“Love does not discriminate, Neither should our laws” ~ Sir Ivan
Report is insightful but it sounds an alarm
As a gay person, the feel-good halo effect of the positive outcome in the marriage referendum is wonderful and empowering. The knowledge that most of the electorate was on the side of LGBT equality became simultaneously a weight off our shoulders, and a comfort blanket. LGBT people speak of increased visibility around the country, of seeing more gay couples holding hands, of benefiting from the open conversations that were had at kitchen tables, of feeling bolstered by the solidarity straight people offered to their LGBT family members, friends, co-workers, team-mates, and people they didn’t even know.
The march of social change can very often be staccato, two steps forward and one step back. This week, with the release of the LGBTIreland Report, a national study of the mental health and wellbeing of lesbian, gay, bisexual, transgender and intersex people in Ireland, the halo effect was dimmed with the findings of how LGBTI youth suffer in our country. LGBTI young people have twice the level of self-harm, three times the level of attempted suicide, and four times the level of severe or extremely severe stress, anxiety and depression of a comparative group of young people.

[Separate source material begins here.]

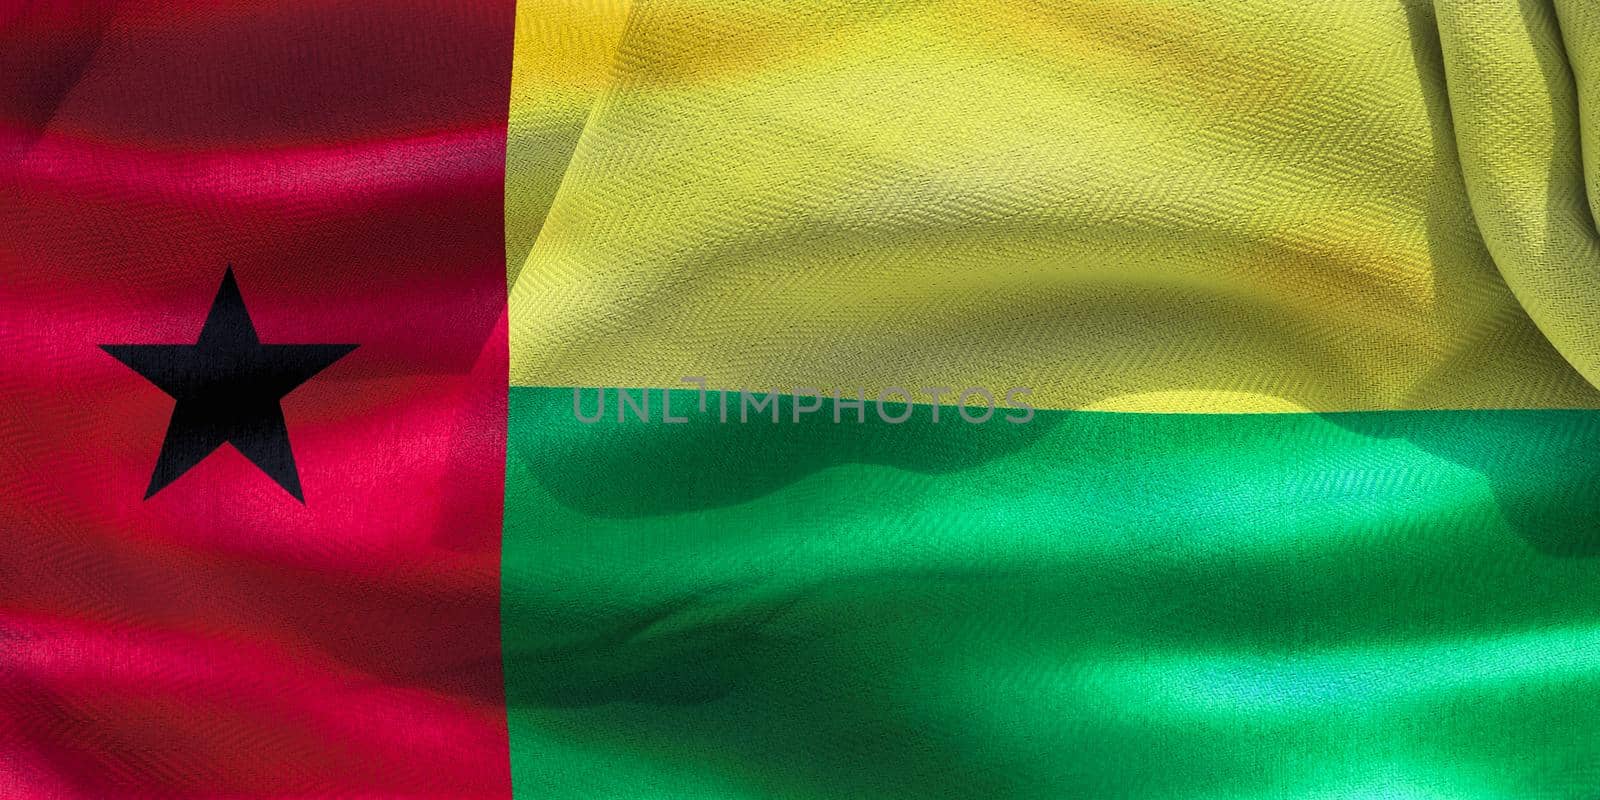 Guinea-Bissau flag - realistic waving fabric flag by MP_foto71

There have been other reports over the years on the mental health of LGBT adults and young people, and they all make for tough reading, but in the context of such a huge step towards a more tolerant and accepting society, this one felt even more urgent.
We need reminding that opening the institution of marriage to same sex couples is just one aspect of creating a better society for LGBT people, that we’re still in the process of undoing centuries of discrimination.
What’s also important to remember is that LGBTI young people are not a homogeneous group. The experiences of young people across a spectrum of gender and sexuality can be very different. The services offered by one of the commissioners of the report, BeLonGTo, cover an equally complex group of people. Whereas many youth services can often be drawing from a fairly homogeneous demographic, be that geographical or socio-economic, an organisation such as BeLonGTo deals with a vast array of backgrounds, experiences, and a complex intersectionality that colours the lives of LGBTI young people.
The report found that 20 per cent of LGBTI students felt they belonged completely in their school. Half of LGBTI students personally experienced anti-LGBTI bullying. Some 67 per cent witnessed bullying of other LGBTI students in their school, something that reinforces an atmosphere of discrimination even if it isn’t directly experienced by a young person. One in four missed or skipped school to avoid negative treatment due to being LGBTI. One in four considered leaving school early, and approximately one in 20 quit school. The report also showed that there has not been a significant reduction in day-to-day victimisation and harassment of LGBTI people since the Supporting LGBT Lives study in 2009.
Three quarters of those surveyed have been verbally abused due to being LGBTI, 30% in the last year.
While the outcome of the marriage referendum was a good one, the homophobia and anti-gay equality sentiment that LGBT people had to deal with during this period – across media, social media, referendum literature, and on the doorsteps while canvassing – was extraordinarily testing.
We owe a great debt to LGBT people for having the collective resilience to pull through that period, but as much as the positive reinforcement LGBT people received during 2015 will live on, so will the negative impacts.
It is incredibly difficult for young people to have peers or family members collaborate in homophobia that is still part of slang, a default code of bullying, or a general intolerant social atmosphere.
The Department of Education’s anti-bullying procedures for primary and post-primary schools stated in 2013: “The inclusion of LGBT posters on notice boards, discussions with parents about specific statements of welcome and respect for LGBT members of the school, community, teaching the Social, Personal, Health Education (SPHE) resource, Growing Up LGBT and participating in LGBT awareness events are just some of the ways in which a school can address homophobic and transphobic bullying.”
Schools need to be strict on bullying across the board, as well as teaching resilience to young people, arming them with the tools they need and will need to combat discrimination now and later in life.
Groups that specifically work with LGBTI young people, such as BelongTo, need to be supported and funded appropriately to continue the great work they are doing. It’s work that doesn’t just help young people, or offer sanctuary, but it’s also work that saves lives.
The LGBTIreland report is informative and insightful, but it sounds an alarm as well. If parents, families, schools, peer groups and communities don’t tackle homophobic and transphobic bullying, young LGBT people will continue to suffer, they will continue to self-harm, they will continue to contemplate or act on suicide, they will continue to have difficult childhoods and experience misery and exclusion.
It is our duty as a society that aspires to care for and protect all children, to stop young people being harassed for who they are.